Only a limited success, however, attended these exertions; national and religious ties were not so easily severed. Notwithstanding the ills that pressed so heavily upon them and their countrymen, the voluntary and perpetual exile which they were asked to take upon them required more earnest and pertinent appeals; and therefore, in 1685, a work appeared entitled The Model of the Government of the Province of East New Jersey in America, written by George Scot of Pitlochie at the request of the Proprietors, in which the objections to emigration were refuted, and the condition of the new country stated at length. Further reference to this publication will be made hereafter; it is sufficient to state at present that it led to the embarkation of nearly two hundred persons for East Jersey on board a vessel named the “Henry and Francis,”—a name which deserves as permanent a position in the annals of New Jersey as does that of the “Mayflower” in those of Massachusetts.
The instructions of the Proprietors to Deputy-Governor Lawrie—while firm in their requirements for the execution of all engagements which justice to themselves and other settlers called upon them to enforce—were calculated to restore tranquillity, and to quiet, for a time at least, the opposition to their government. The claims under the Indian purchases having been brought to their notice, and relief sought from the evils to which the claimants had been subjected, elicited a dignified letter in reply, upholding the proprietary authority, and presenting in a forcible manner the difficulties which would inevitably arise should that authority be subverted. In order to prevent further difficulties from the acquisition of Indian titles by individuals the right to purchase was continued in the deputy-governor, and he was directed to make a requisition upon the Proprietors for the necessary funds, as had been done in 1682, by shipping a cargo of goods valued at about one hundred and fifty pounds, and expending the amount for that purpose.
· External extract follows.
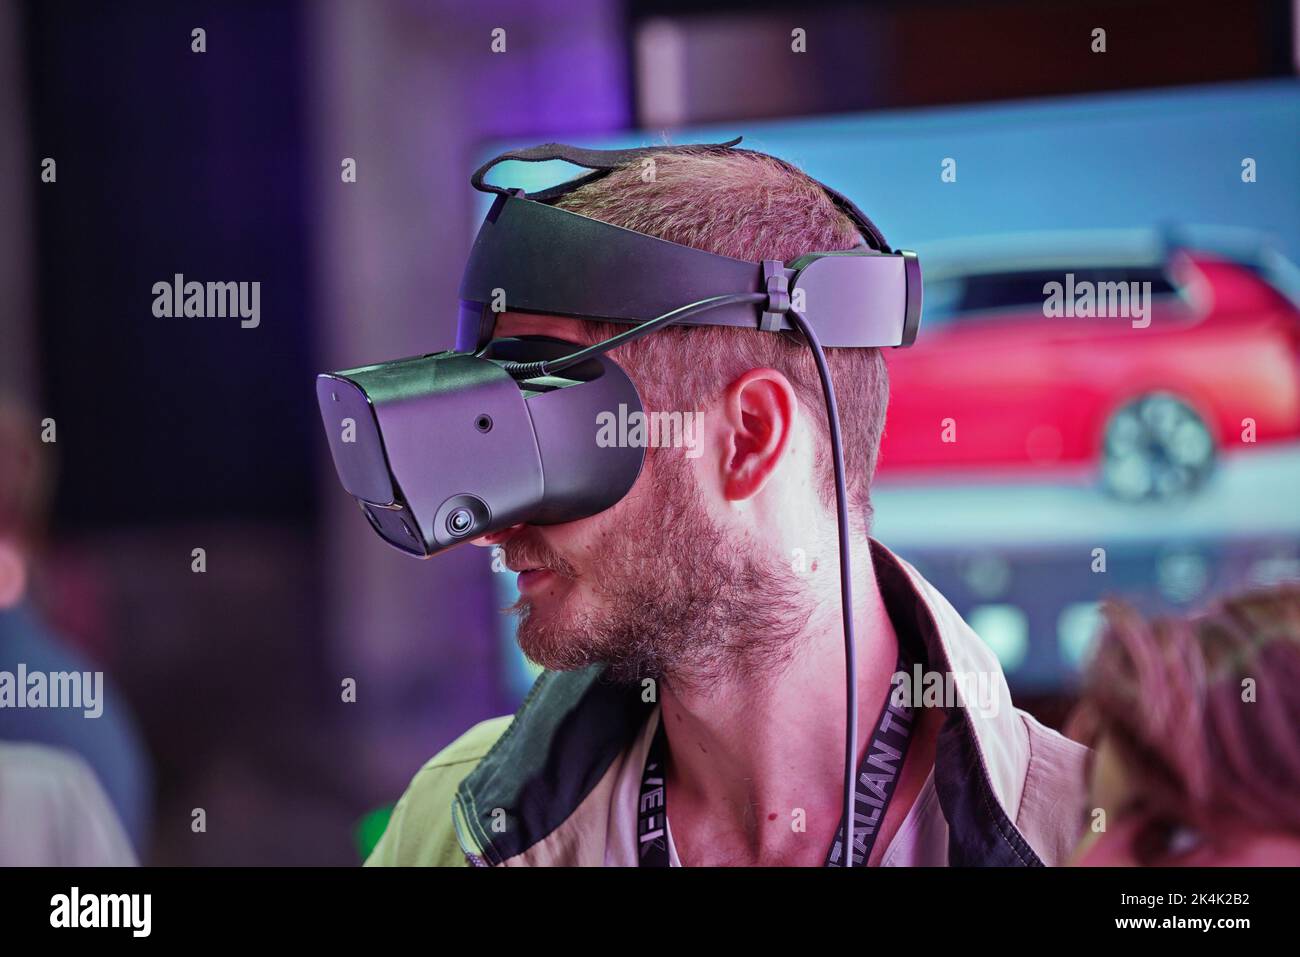 Virtual reality exhibit. Young man wears virtual reality goggles experiences a metaverse encounter. Turin, Italy - September 2022 Stock Photo

The necessity for the cultivation of good feelings with the Province of New York was manifest. Having for its chief executive one whose arbitrary temper and disposition led him to disregard solemn engagements, the relations between the provinces were not likely to be made more harmonious because he was heir-apparent to the throne of England; and it was consequently in accordance both with the principles of the Friends and the promptings of sound judgment and discretion, that the Proprietors urged upon Lawrie the propriety of fostering a friendly correspondence with New York, and avoiding everything that might occasion misapprehension or cause aggressions upon their rights.
Lawrie conformed himself to the tenor of his instructions. He visited Governor Dongan and remained with him two or three days, discussing their mutual rights and privileges, and was treated by him with kindness and respect; and being of a less grasping disposition than his predecessor, there were no open acts of hostility to the proprietary government manifested by him.